There were 2 standard questions which I found suited best:

  1. How likely are you to recommend Disney+Hotstar to your friends or colleagues?
  2. If yes, what do you like/dislike about us?

These were not qualitative and didn’t require much thought before answering.

I went through the reviews of the Disney+Hotstar App to find out what the users like or dislike about the app. Ended up with these 5 options.

  1. Subscription Price
  2. Customer Support
  3. Content Availability
  4. Video & Audio Quality
  5. Ease of use.

Wireframes

The deliverables included 3 types of forms for mobile & desktop, with 3 points, 5 points, and a 10 point scale. Since this was a timed assignment and I had the entire dashboard to make, I didn’t spend a lot of time figuring out iterations for the form.

An NPS form didn’t require a lot to be functional.

Visuals

I followed Disney+Hotstar’s Design Language to design the popup, with a micro-interaction for delighting the user.

The thought process was that if the app is asking for something from the user, they should receive something.
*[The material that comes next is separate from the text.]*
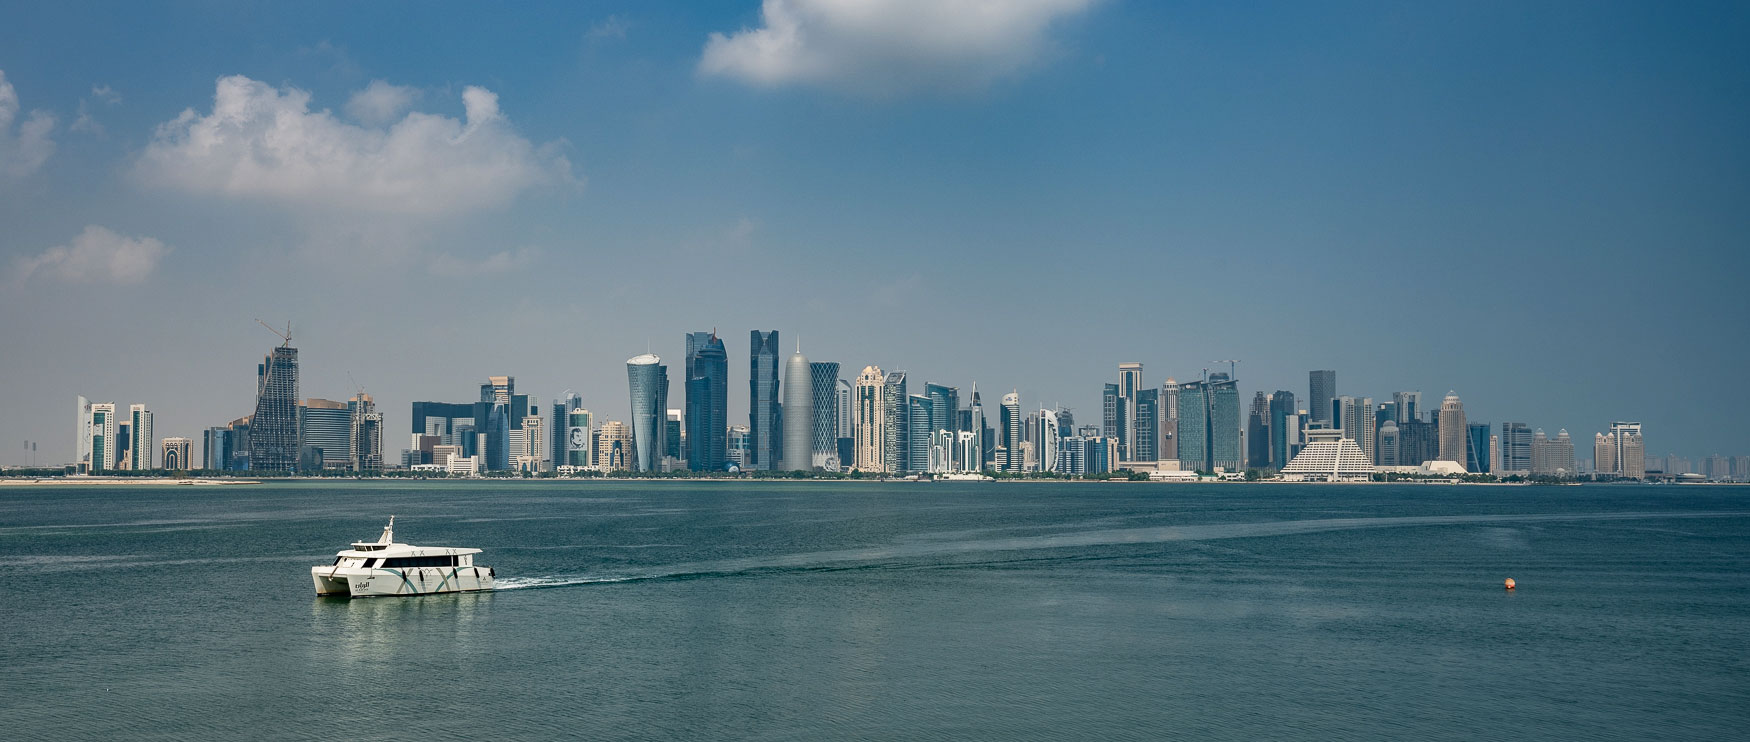 Qatar Tipps: Asublick Museum of Islamic Art

After going through a few iterations of emoticons, faces, and smileys, and some flashy animations.

Final Screens

Desktop

https://cdn-images-1.medium.com/max/1000/1*Ch7P6rg-lziYZRu6OAN77Q.png

Mobile

https://cdn-images-1.medium.com/max/1000/1*mMjm9eHXApYam1XKukUAFQ.png

Prototypes:

Learnings

This was an interesting problem personally because I’ve used the Clevertap Dashboard as a client as a PM. Being on the other side of the product I wanted to get inside the user’s head.

I’ve always been fascinated by designing dashboards because in most cases it’s not for the average internet user but people like us. People like you and me who are reading this.
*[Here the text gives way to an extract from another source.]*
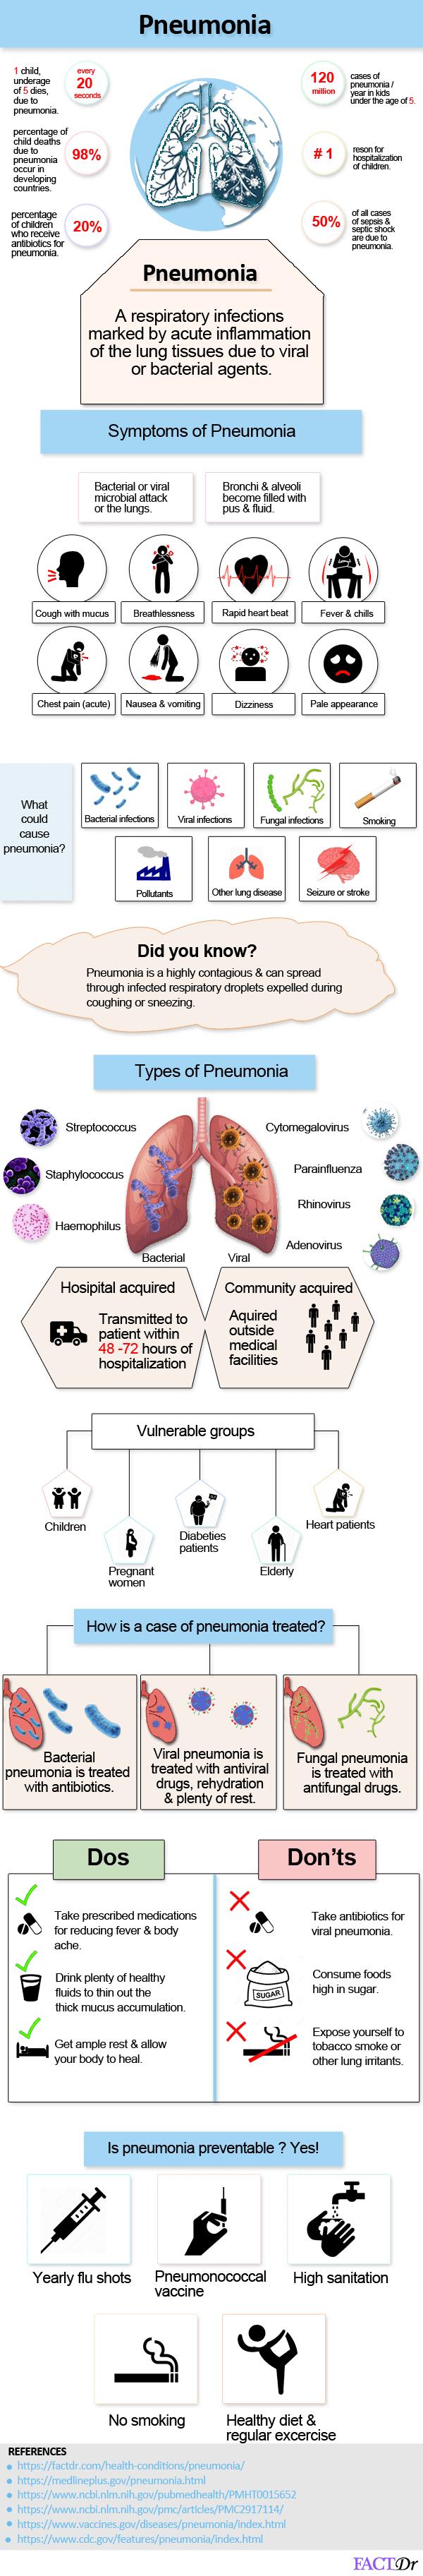 Pneumonia infographic

Also, a dashboard is supposed to be entirely functional while just following the design language of the app.

So by the end of the design, I had a lot of clarity around:

  1. Exactly what information has been displayed and why not something else at its place.
  2. Why has a particular piece of information been placed on every pixel of the screen
  3. Whether the user knows what to do next after going through the data

And that’s a wrap!

I’d love to know your thoughts on this one!